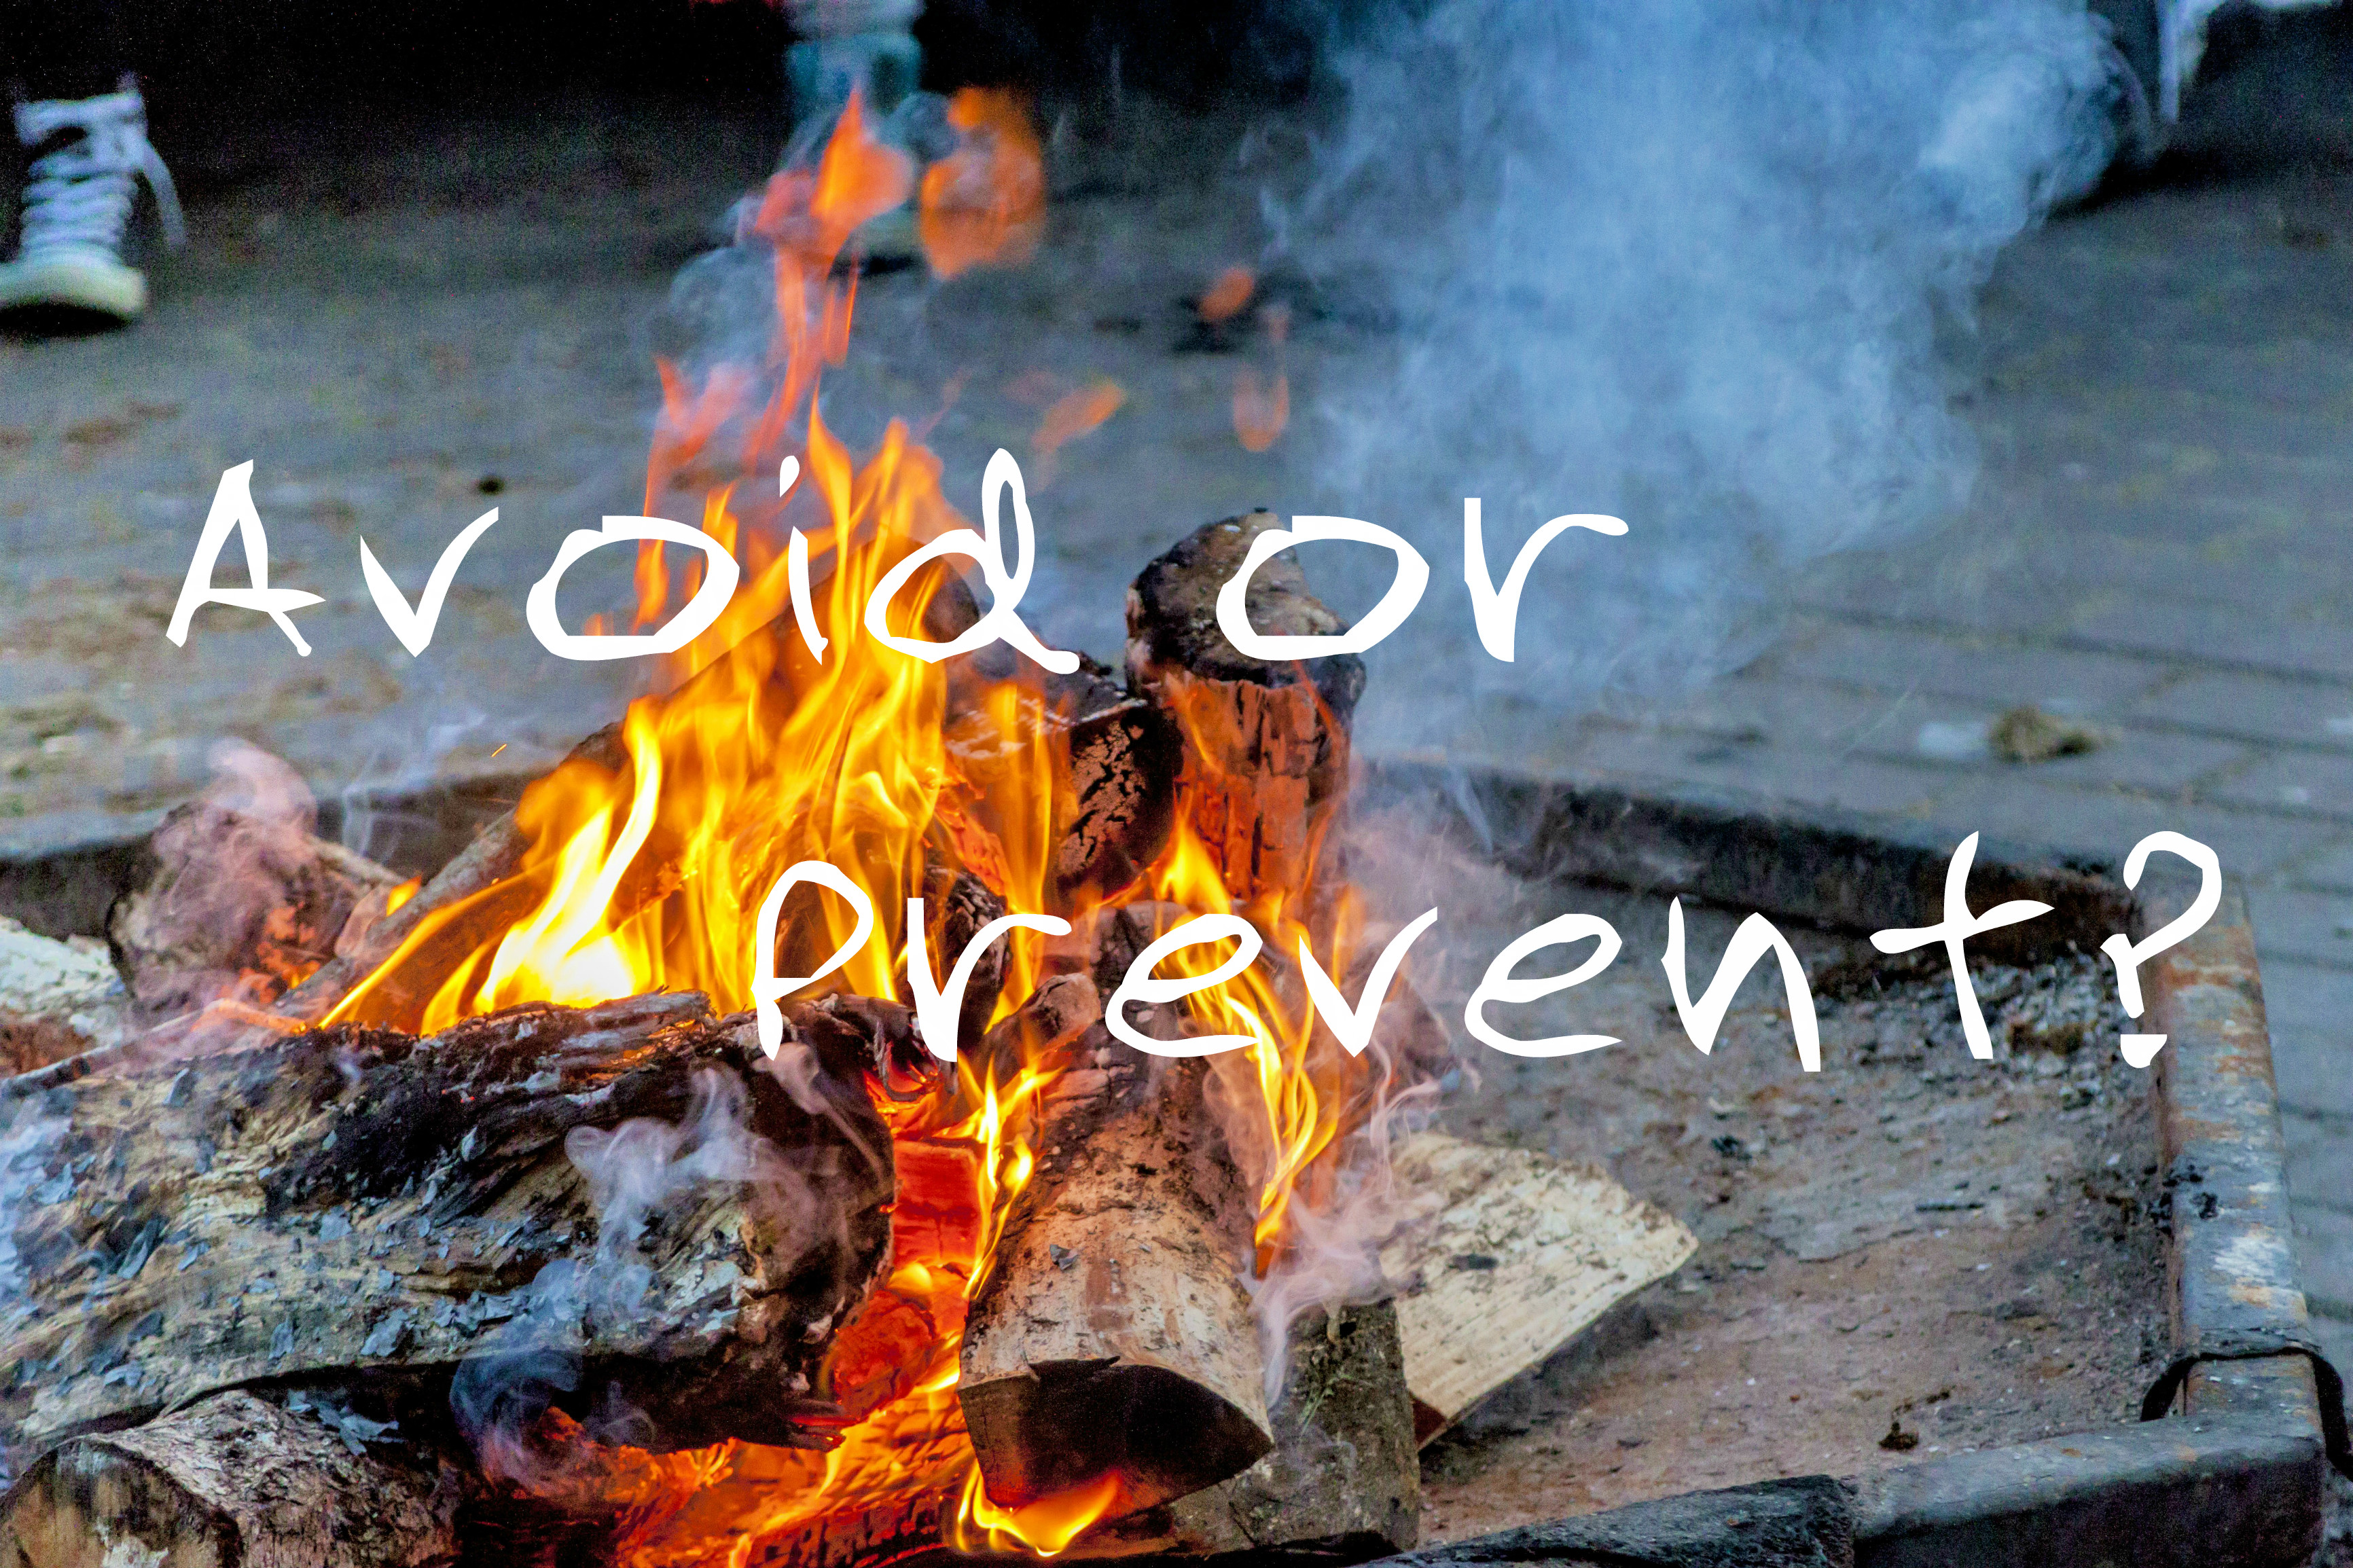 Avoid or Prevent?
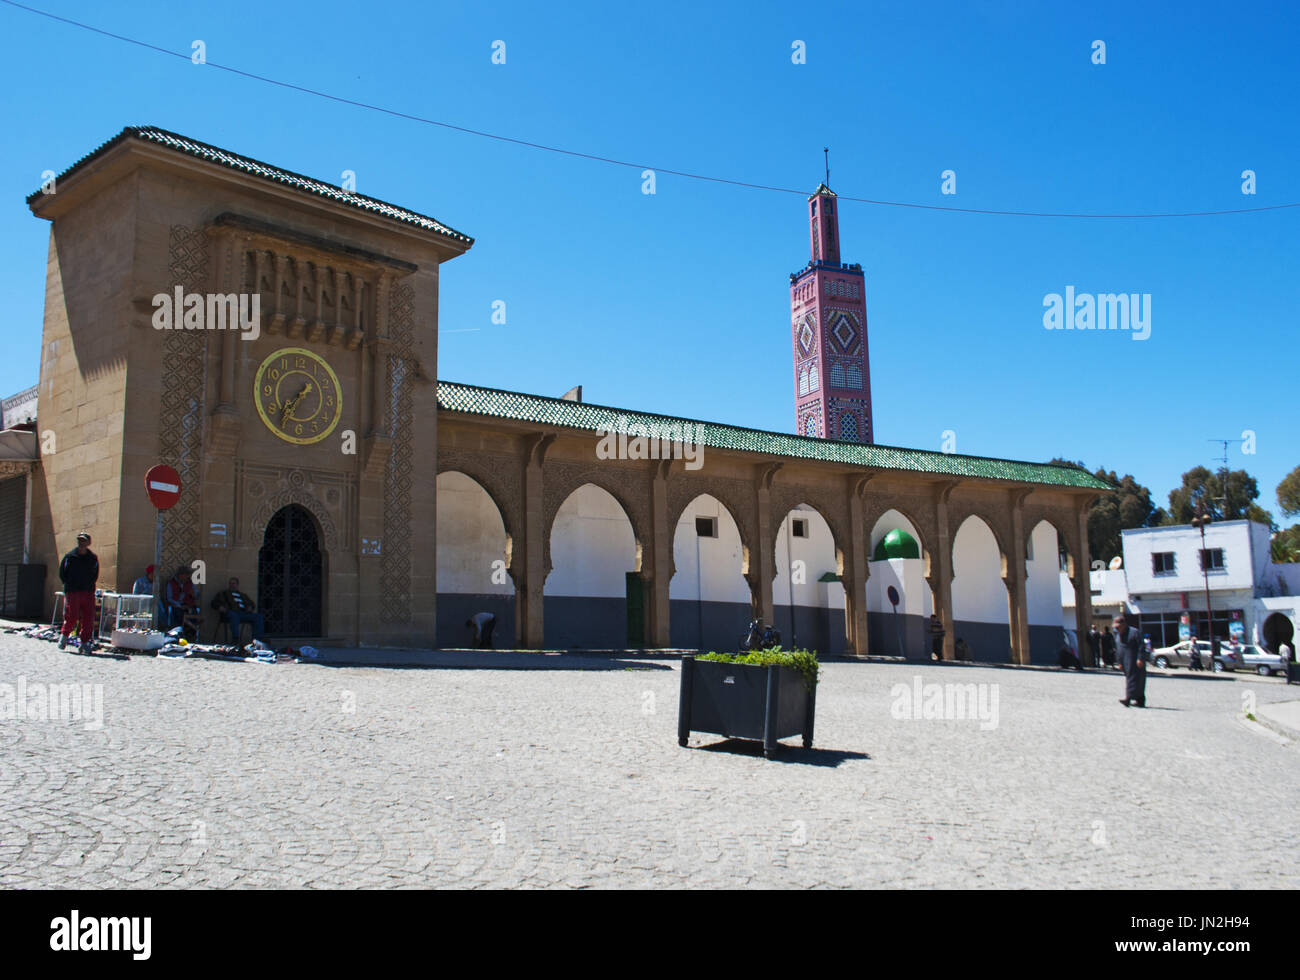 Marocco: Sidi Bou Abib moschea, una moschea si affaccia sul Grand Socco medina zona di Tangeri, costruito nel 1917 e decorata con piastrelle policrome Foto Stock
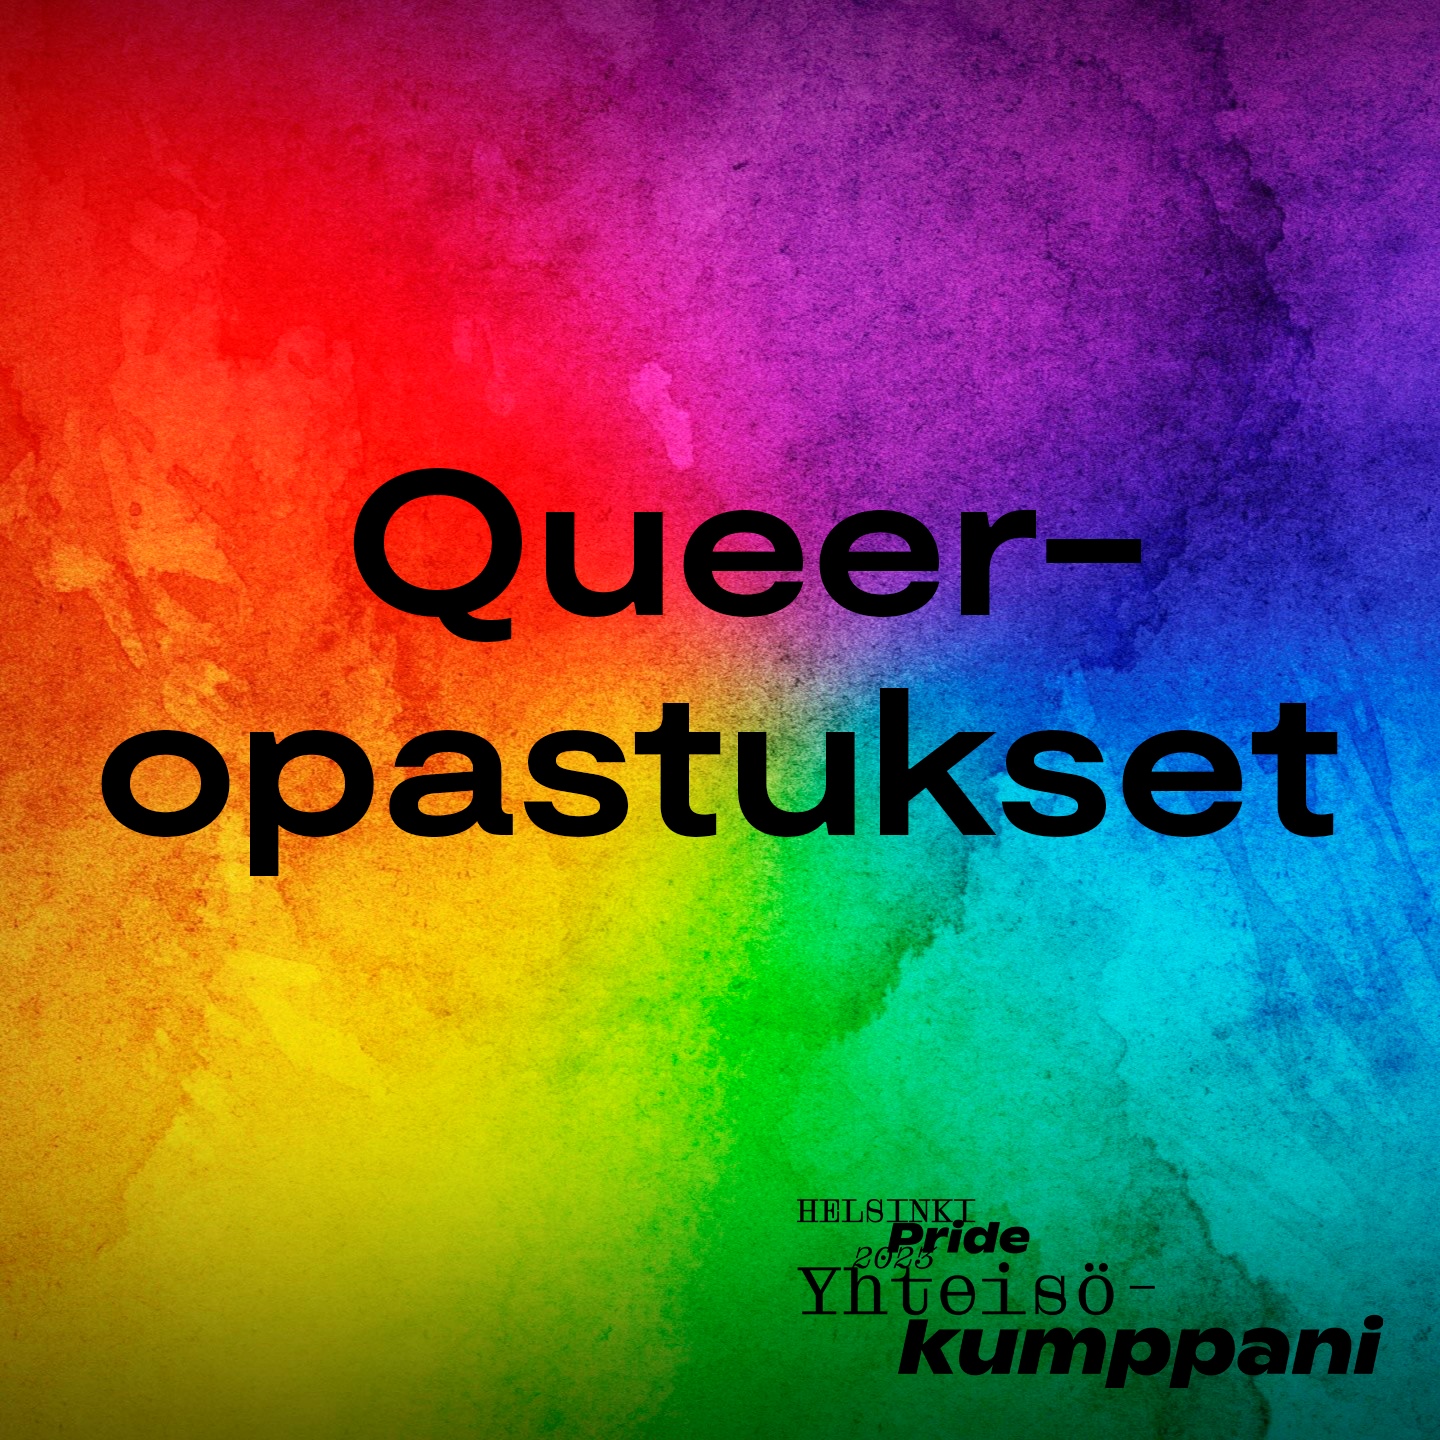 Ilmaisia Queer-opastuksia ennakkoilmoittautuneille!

**About this exercise:** Repeat every line above exactly, but omit all images.

**Completed task:**
 Avoid or Prevent?
 Marocco: Sidi Bou Abib moschea, una moschea si affaccia sul Grand Socco medina zona di Tangeri, costruito nel 1917 e decorata con piastrelle policrome Foto Stock
 Ilmaisia Queer-opastuksia ennakkoilmoittautuneille!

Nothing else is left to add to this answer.